*** Opening of RAW DATA ***

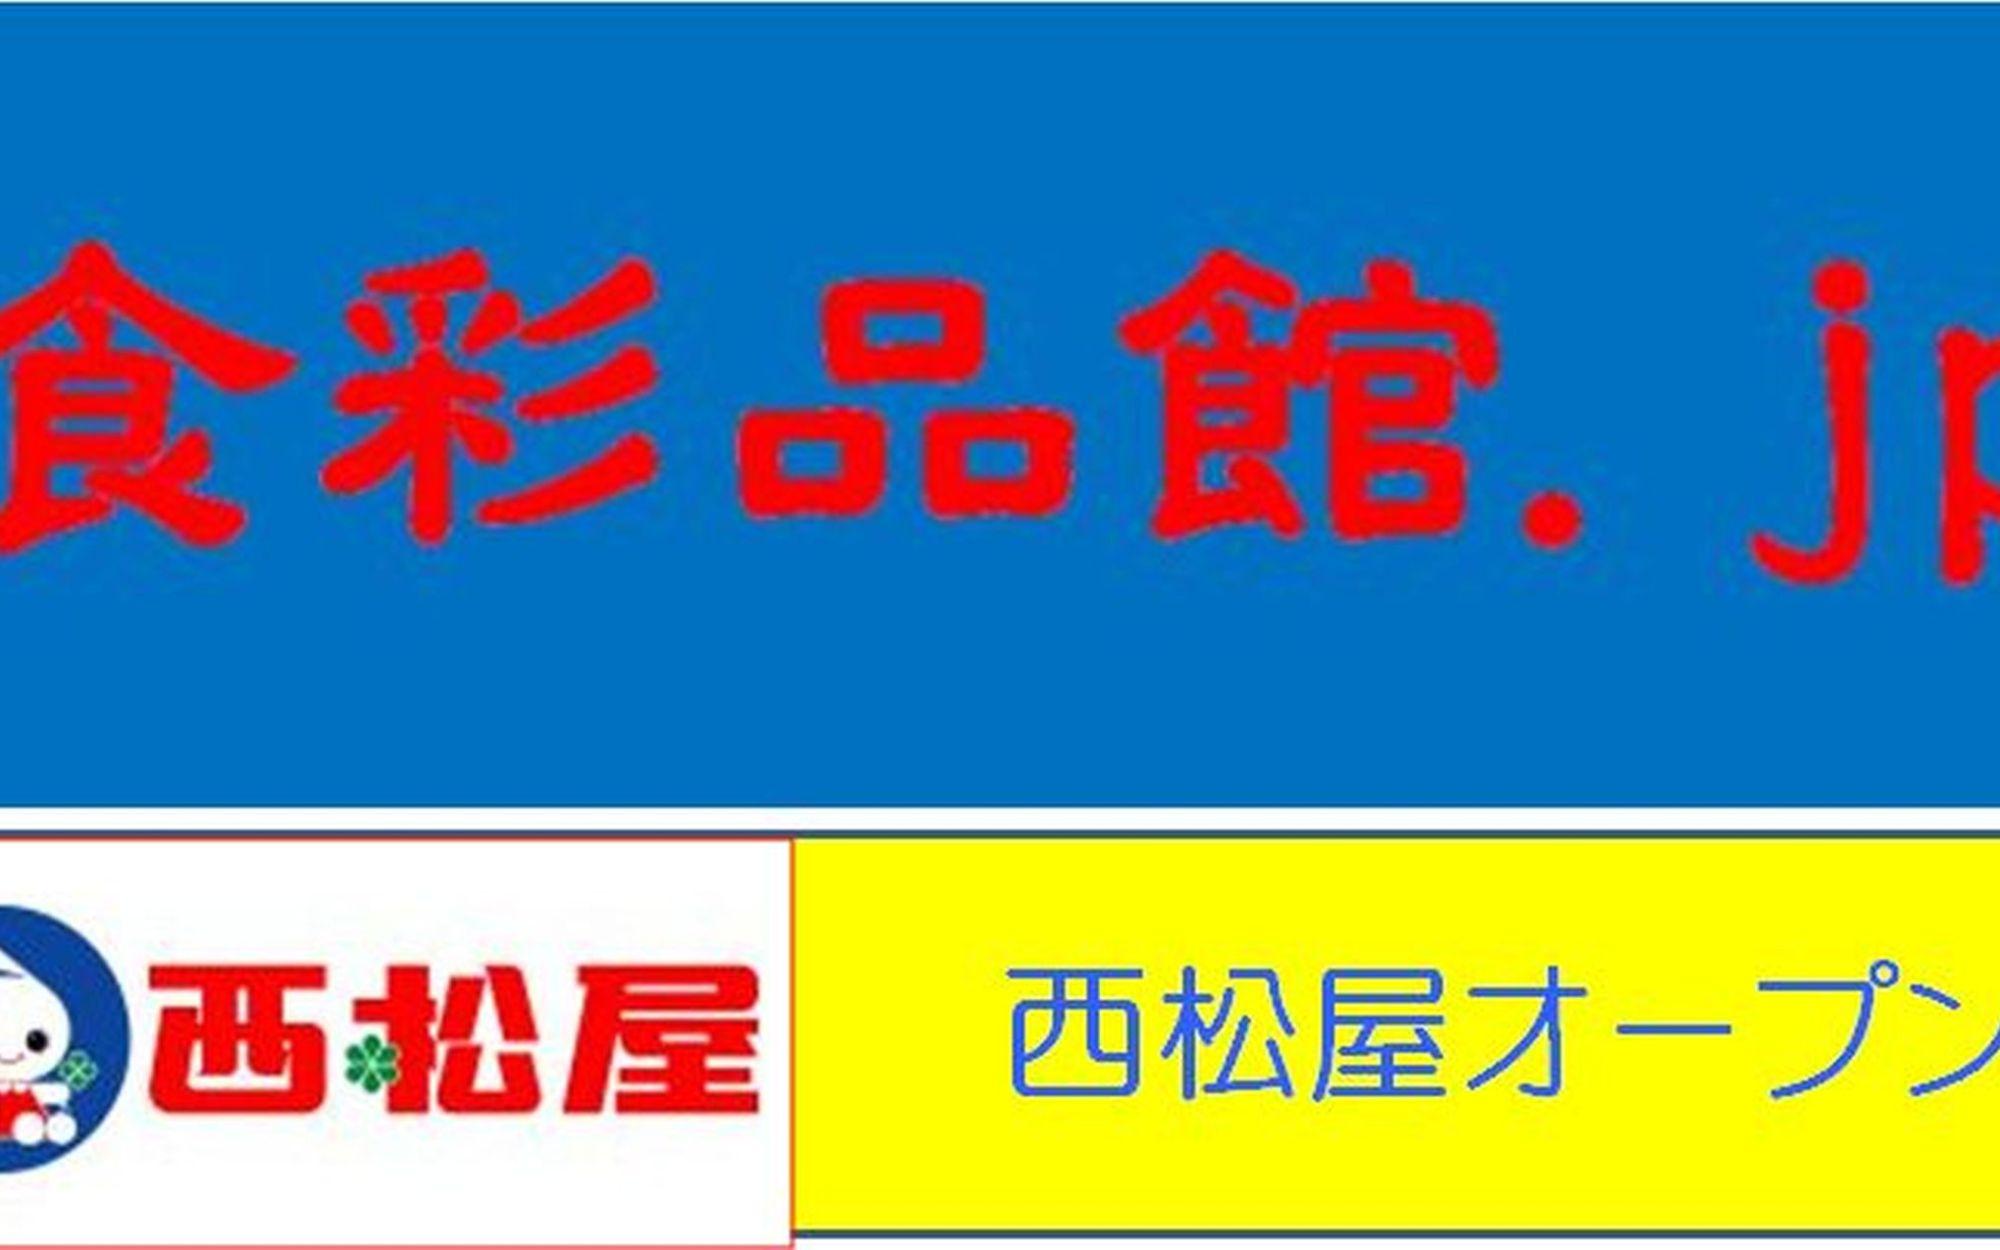 西松屋ダイエー武蔵村山店(東京都武蔵村山市)2020年8月6日オープン予定
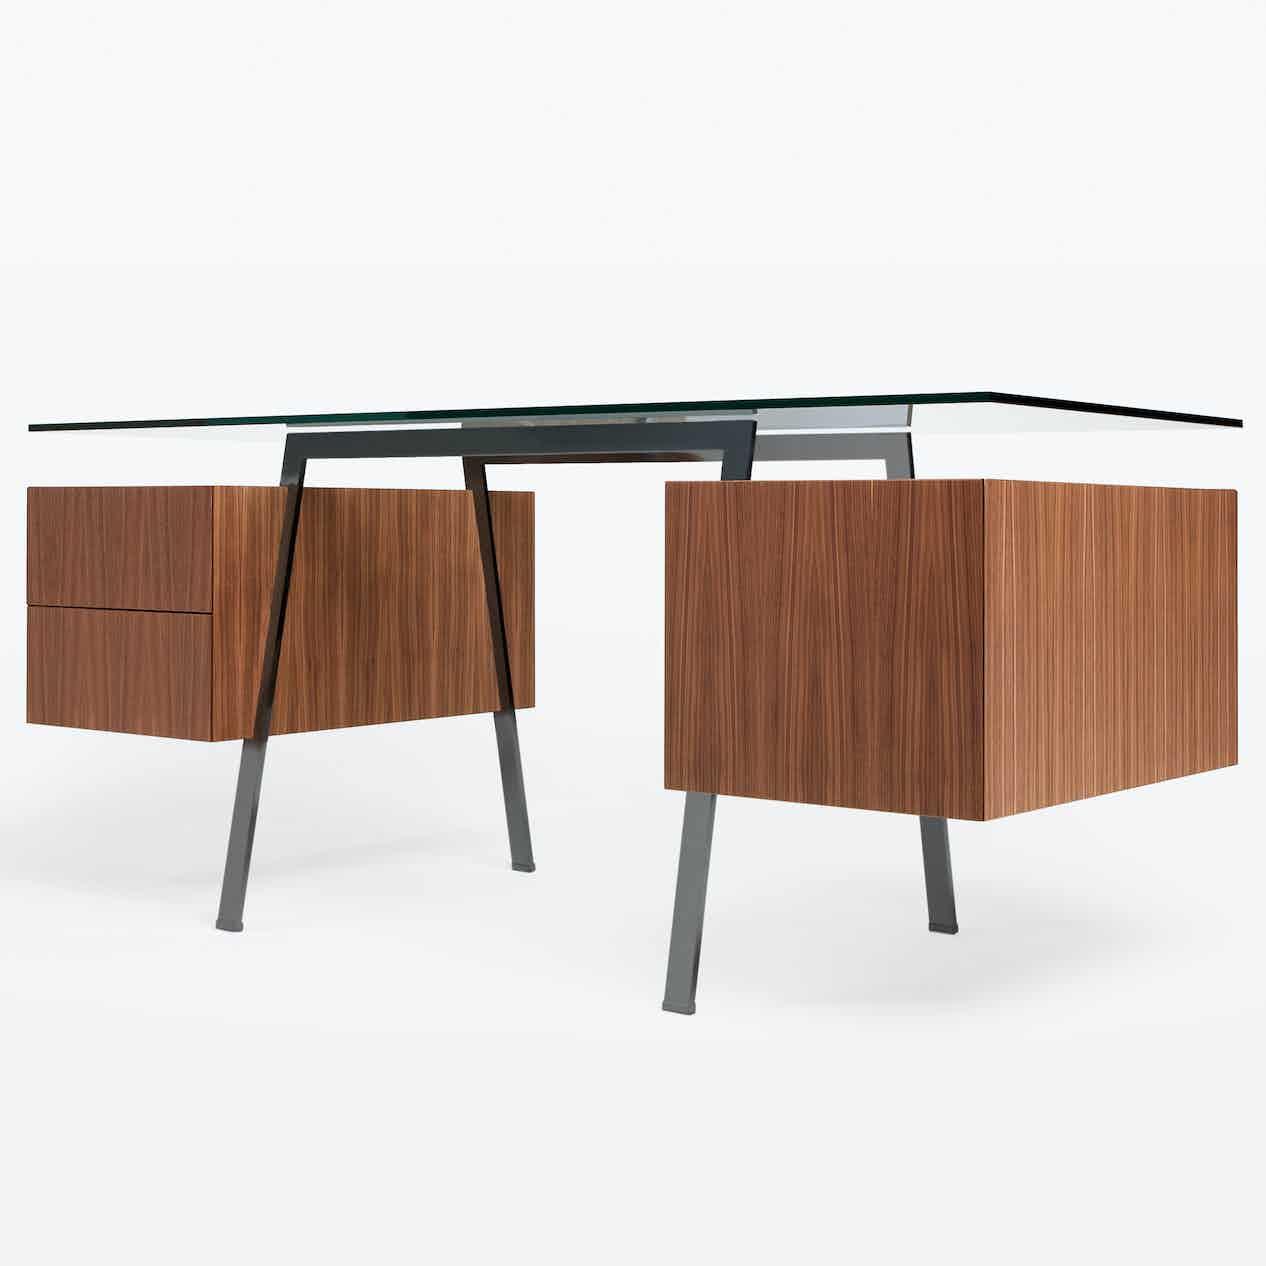 Bensen furniture homework desk thumbnail haute living
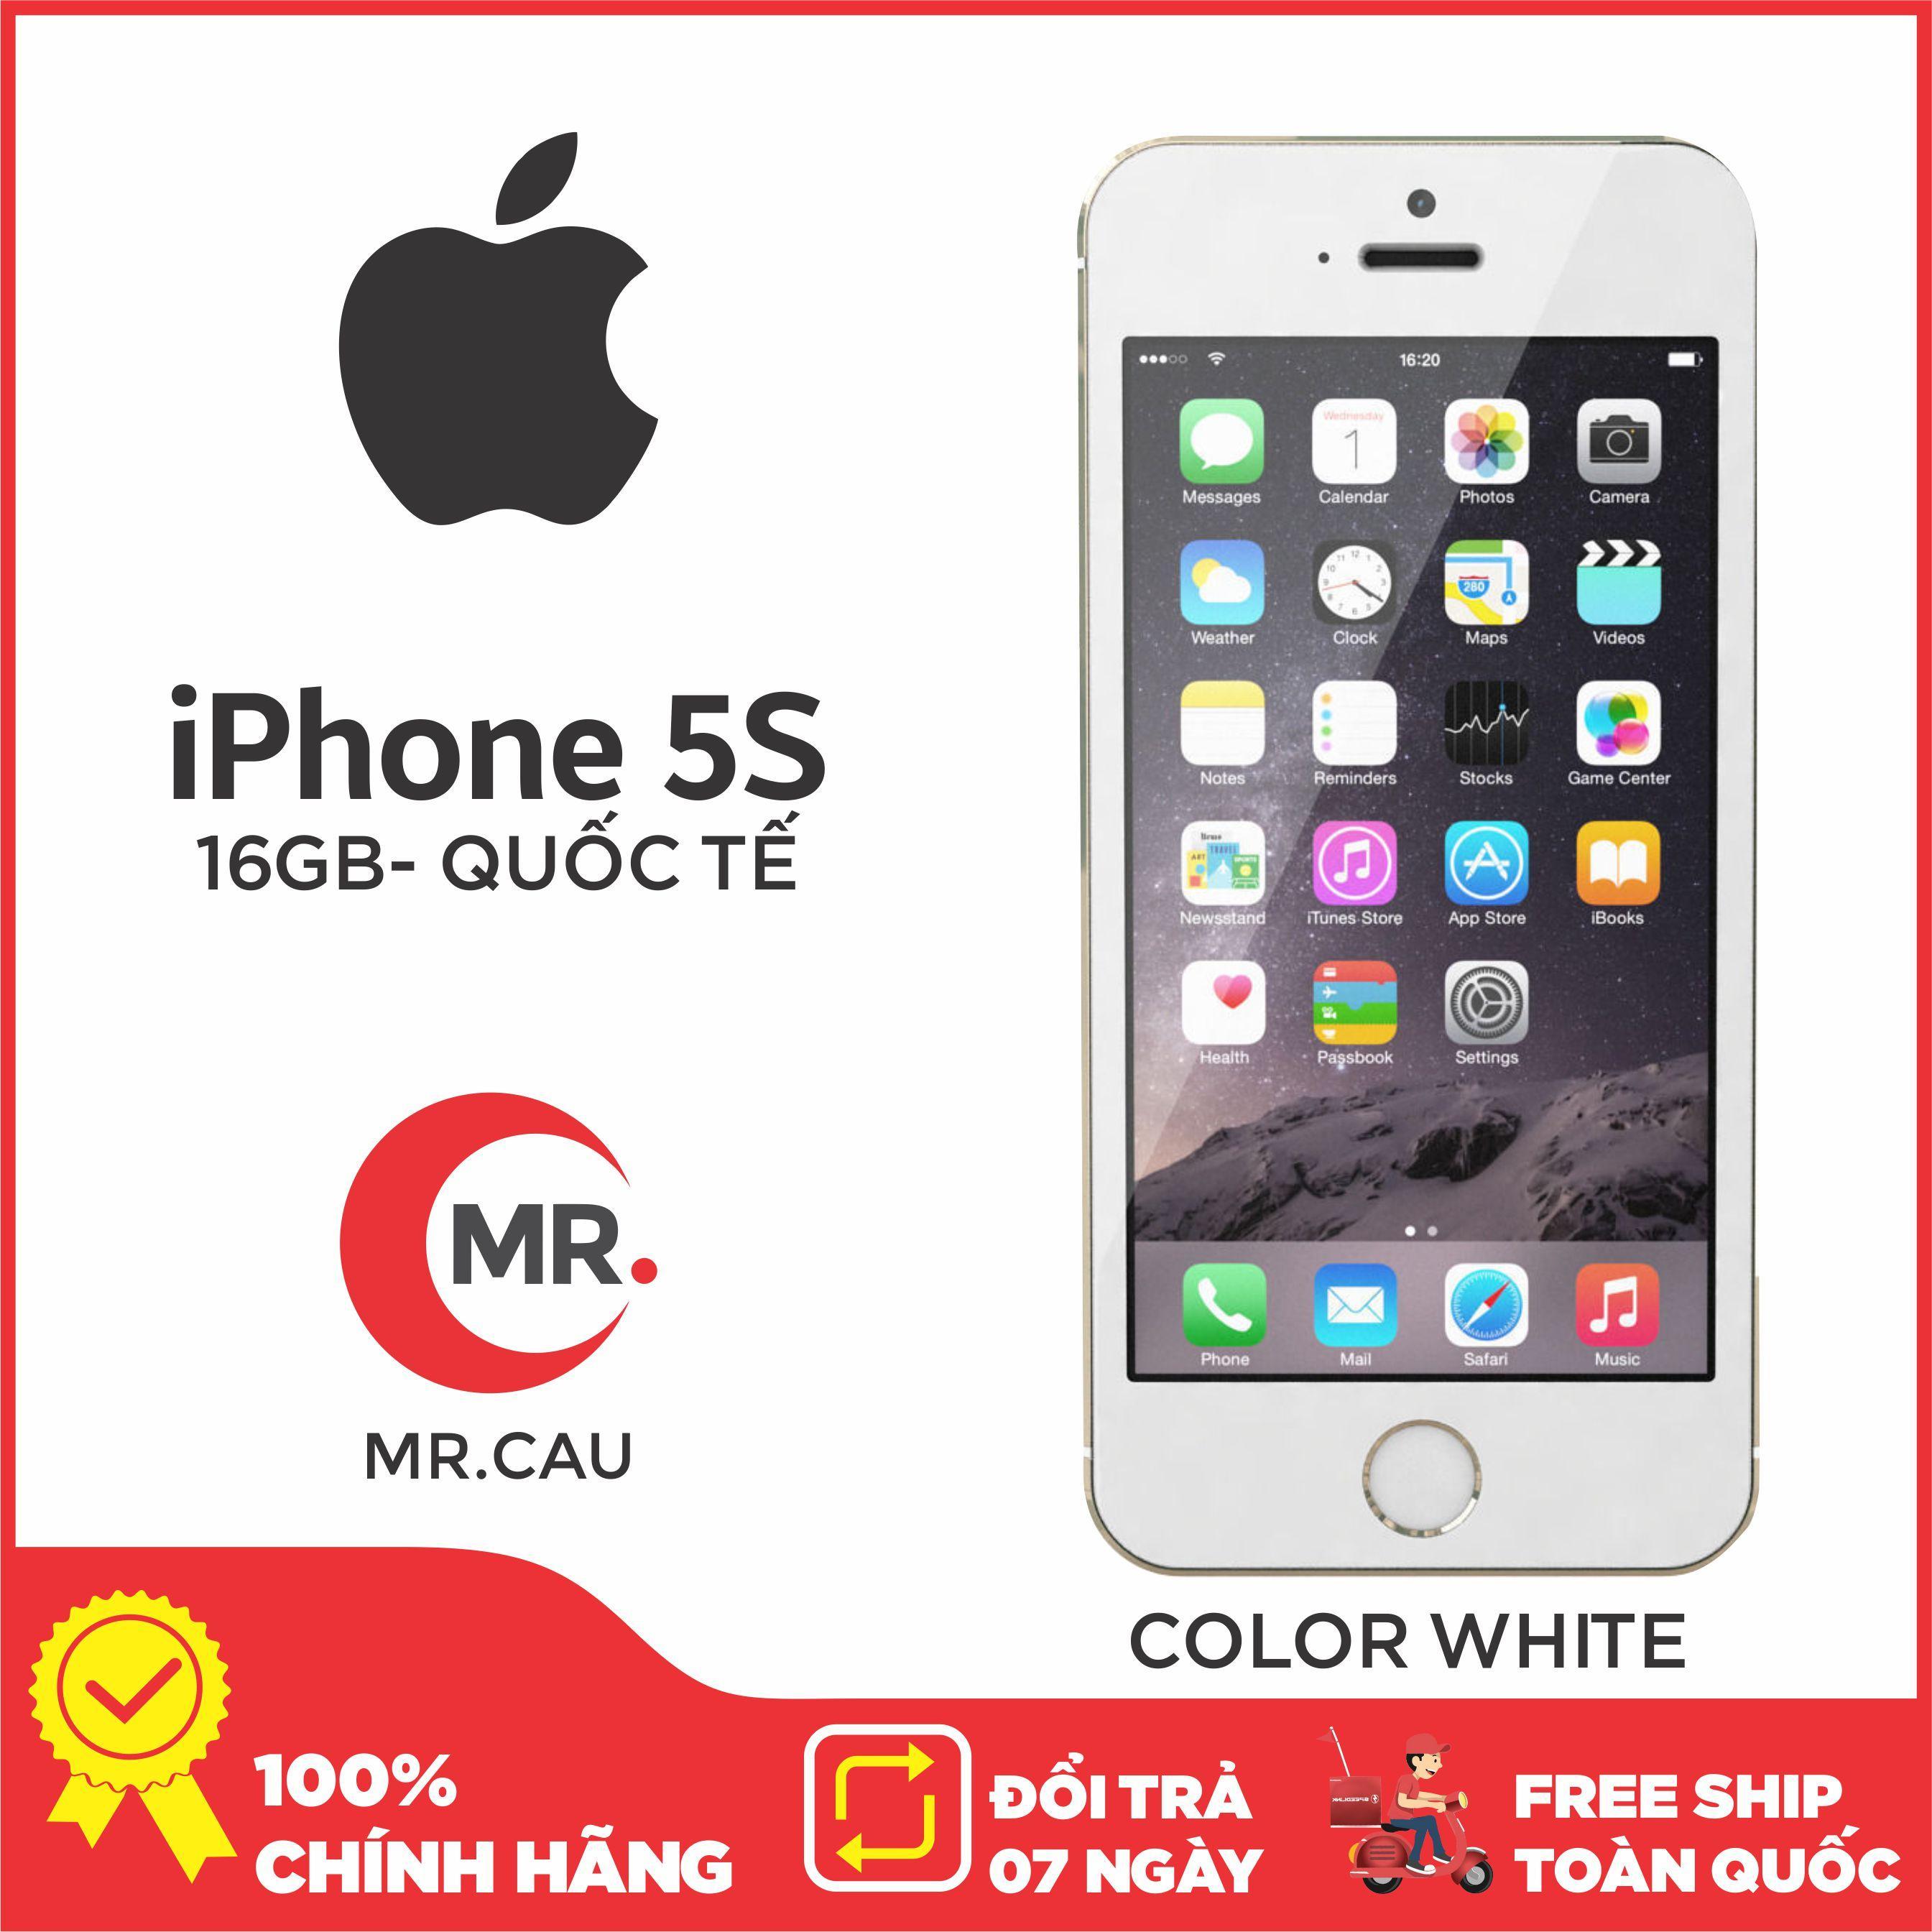 Điện thoại Apple iPhone 5s - 16GB - Bản quốc tế -CAM KẾT ZIN NGUYÊN BẢN Full phụ kiện - Bảo hành 6 tháng - Đổi trả miễn phí tại nhà - Yên tâm mua sắm với Mr Cầu ( Điện Thoại Giá Rẻ, Điện Thoại Smartphone, Điện Thoại Thông Minh)

*** Close of RAW DATA ***

Reproduce every line above exactly, pictures excluded.

 西松屋ダイエー武蔵村山店(東京都武蔵村山市)2020年8月6日オープン予定
 Bensen furniture homework desk thumbnail haute living
 Điện thoại Apple iPhone 5s - 16GB - Bản quốc tế -CAM KẾT ZIN NGUYÊN BẢN Full phụ kiện - Bảo hành 6 tháng - Đổi trả miễn phí tại nhà - Yên tâm mua sắm với Mr Cầu ( Điện Thoại Giá Rẻ, Điện Thoại Smartphone, Điện Thoại Thông Minh)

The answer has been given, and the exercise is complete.